题目大意:已知c[i]...c[n]及f[i]...f[n],现要选出一些i,使得当sum{c[i]}和sum{f[i]}均非负时,sum(c[i]+f[i])的最大值。
以sum(c[i])(c[i]>=0)作为背包容量totV,i当作物体,c[i]当作物体体积,f[i]当作物体重量,01背包后,求max{j+DP[j]} (非负)即可。
注意:
- 这里物体体积存在负数,所以循环j时起始条件不能为j=0!而应当在for下面加if,判断子问题在minJ~maxJ范围之内。

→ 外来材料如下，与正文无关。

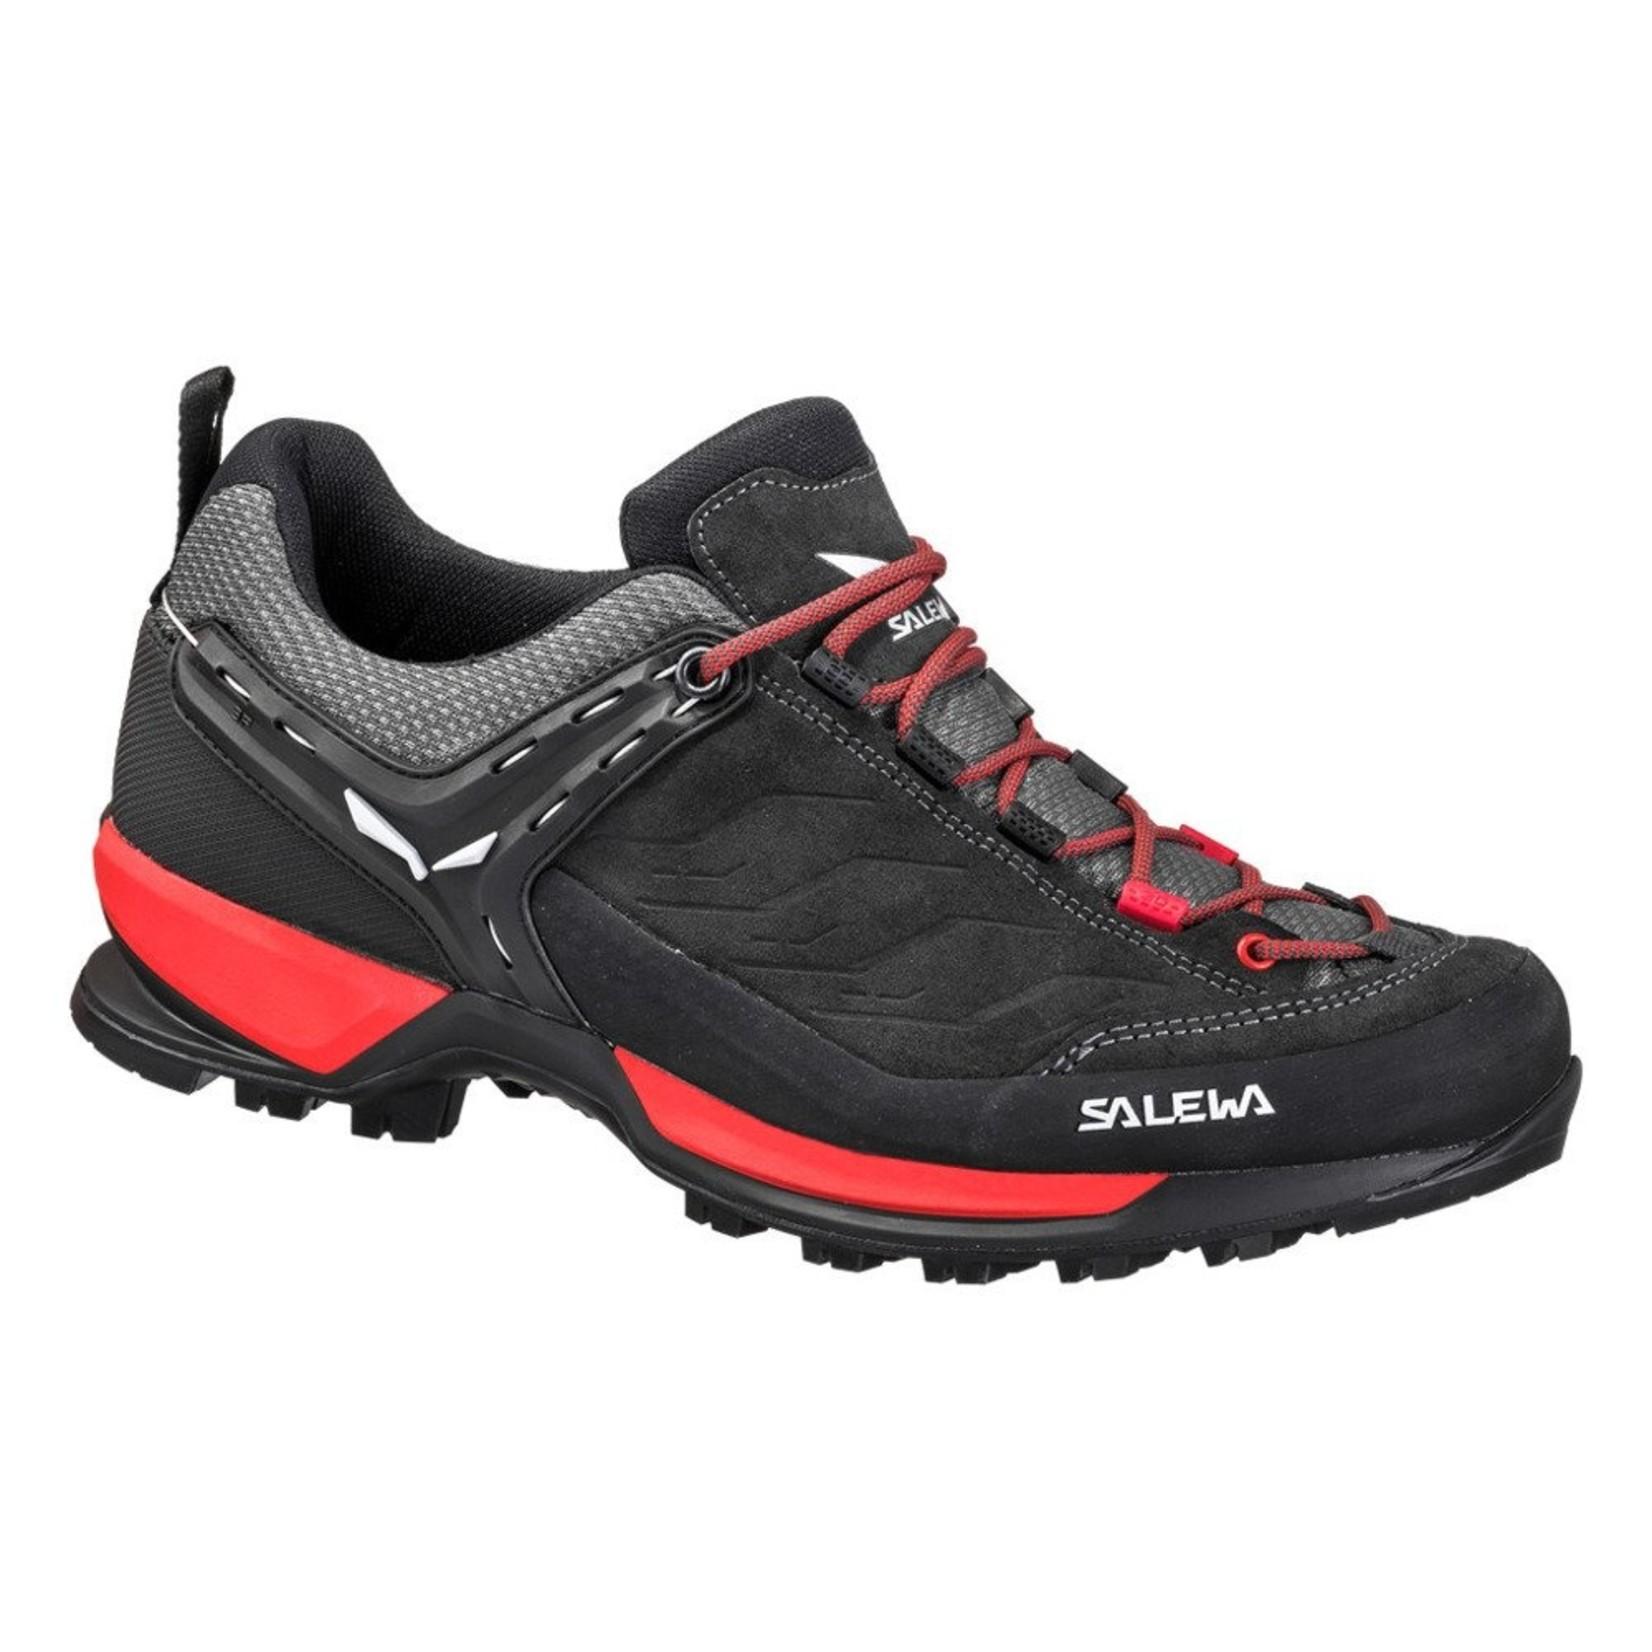 Salewa Mountain Trainer Lo

- 初值不是DP[最左端点]=0,而是DP[0点所在位置]=0。
#include <cstdio>
#include <cstring>
#include <algorithm>
using namespace std;
const int MAX_V = 200010, MAX_OBJ = 110;
#define M(x) x+offset//move
int DP(int minJ, int maxJ, int totObj, int *_v, int *_w)
{
static int DP[MAX_V];
int offset = max(-minJ, 0);
memset(DP, 0xcf, sizeof(DP));
DP[M(0)] = 0;
for (int i = 1; i <= totObj; i++)
{
if (_v[i] <= 0)
{
for (int j = minJ; j <= maxJ; j++)
if (j >= minJ + _v[i] && j <= maxJ + _v[i])
DP[M(j)] = max(DP[M(j)], DP[M(j - _v[i])] + _w[i]);
}
else
{
for (int j = maxJ; j >= minJ; j--)
if (j >= minJ + _v[i] && j <= maxJ + _v[i])
DP[M(j)] = max(DP[M(j)], DP[M(j - _v[i])] + _w[i]);
}
}
int ans = 0;
for (int j = 0; j <= maxJ; j++)
if(DP[M(j)] >=0)
ans = max(ans, j+DP[M(j)]);
return ans;
}
int main()
{
#ifdef _DEBUG
freopen("c:\noi\source\input.txt", "r", stdin);
#endif
static int _s[MAX_OBJ], _f[MAX_OBJ];
int n, minS = 0, maxS = 0, cnt = 0, s, f, tempAns = 0;
scanf("%d", &n);
for (int i = 1; i <= n; i++)
{
scanf("%d%d", &s, &f);
if (s >= 0 && f >= 0)
{
tempAns += s + f;
continue;
}
else if (s <= 0 && f <= 0)
continue;
else
{
cnt++;
_s[cnt] = s;
_f[cnt] = f;
_s[cnt] > 0 ? maxS += _s[cnt] : minS += _s[cnt];
}
}
printf("%d
", tempAns + DP(minS, maxS, cnt, _s, _f));
return 0;
}